NICE does not recommend the use of fetal fibronectin (fFN) in multiple pregnancies. A 2010 meta‐analysis16 summarising 11 studies of fFN use in asymptomatic twin pregnancy to predict PTB suggested only limited prediction accuracy, and better negative predictive rates than positive (6% risk of PTB before 34 weeks of gestation with a negative test compared to a 33% risk of PTB before 34 weeks with a positive test).

In symptomatic women with a twin pregnancy

The meta‐analysis by Conde‐Agudelo et al.16 synthesised the results of five studies using fFN to predict PTB in symptomatic women with a twin pregnancy. The authors concluded that fFN testing in multiple pregnancy was most accurate in women with symptoms of PTB (positive and negative likelihood ratios 85% and 75%, respectively, within 7 days of testing). However, although fFN testing is recommended for use in singleton pregnancies with symptoms of PTB if cervical length measurement is not available,17 it is not recommended in the NICE guideline for multiple pregnancy.
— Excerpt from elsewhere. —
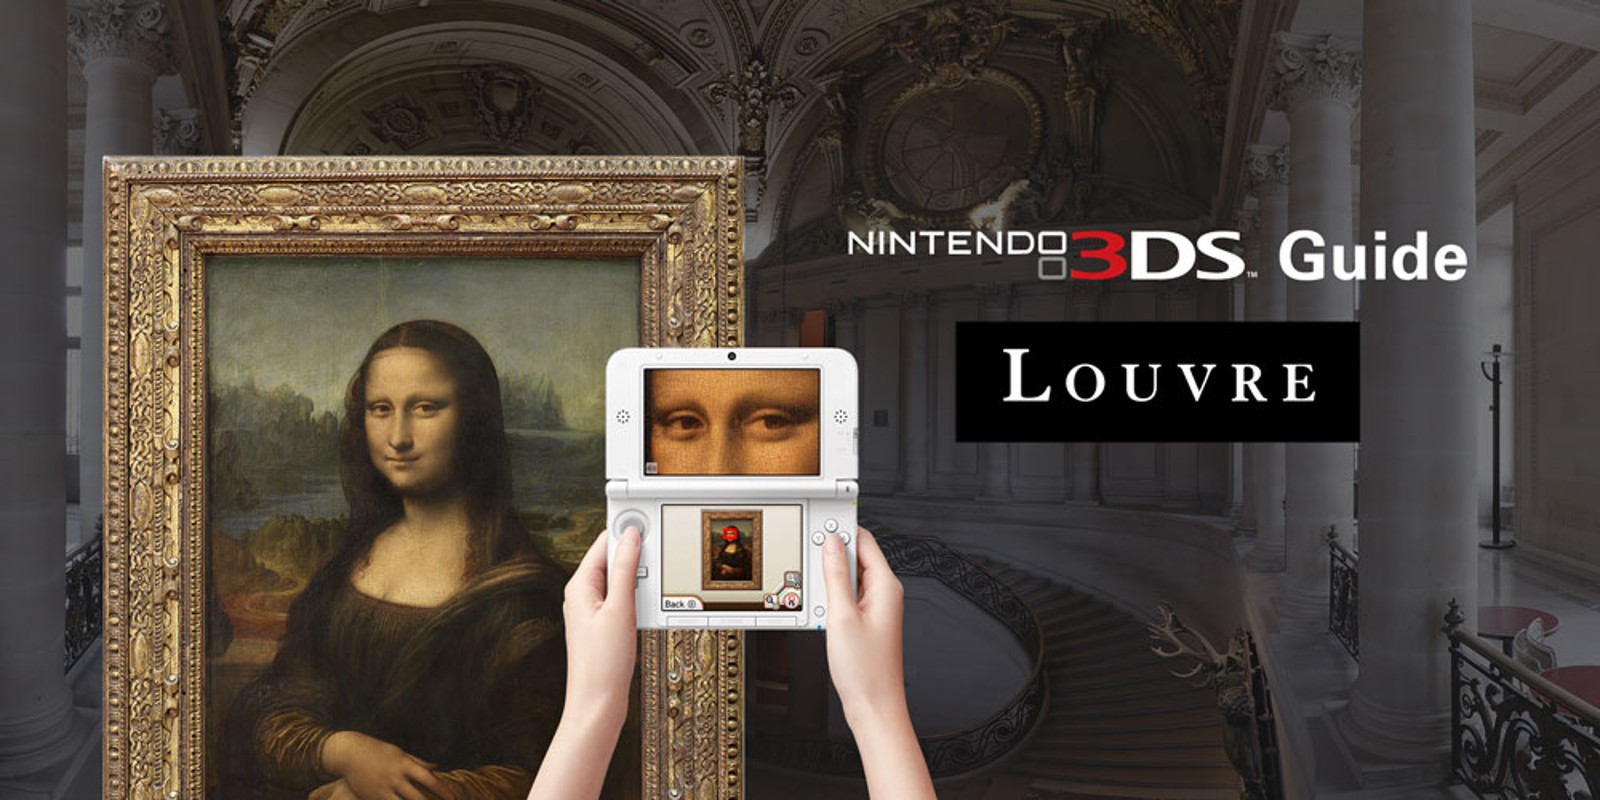 Planeta malta Espectáculo Nintendo 3DS Guide Louvre | Juegos de Nintendo 3DS | Juegos | Nintendo

A combination of cervical length measurements and fFN may be a more accurate predictor of PTB. One small study18 (n = 155 twin pregnancies) reported that if fFN was positive and cervical length was <20 mm, then 54.4% of twins would deliver before 34 weeks of gestation, and this was significantly higher than the overall rate of PTB.

Methods of preterm birth prevention

Cervical cerclage

Cervical cerclage is a surgical technique to prevent PTB and has been described in the UK literature since 1902.19 Although cerclage is endorsed by NICE for use in singleton pregnancies, it is not recommended for use in multiple pregnancy as its effectiveness remains controversial.11 A subgroup of twins (n = 49 women) in a 2005 meta‐analysis20 investigating the use of cerclage showed an increase in prematurity and a trend towards harm. In multiple pregnancies, cerclage was associated with an increased risk of premature delivery (relative risk [RR] 2.15, 95% CI 1.15–4.01) and a trend towards an increased risk of perinatal mortality. However, this finding was not statistically significant, with wide confidence intervals likely reflecting the small sample size (RR 2.66, 95% CI 0.83–8.54).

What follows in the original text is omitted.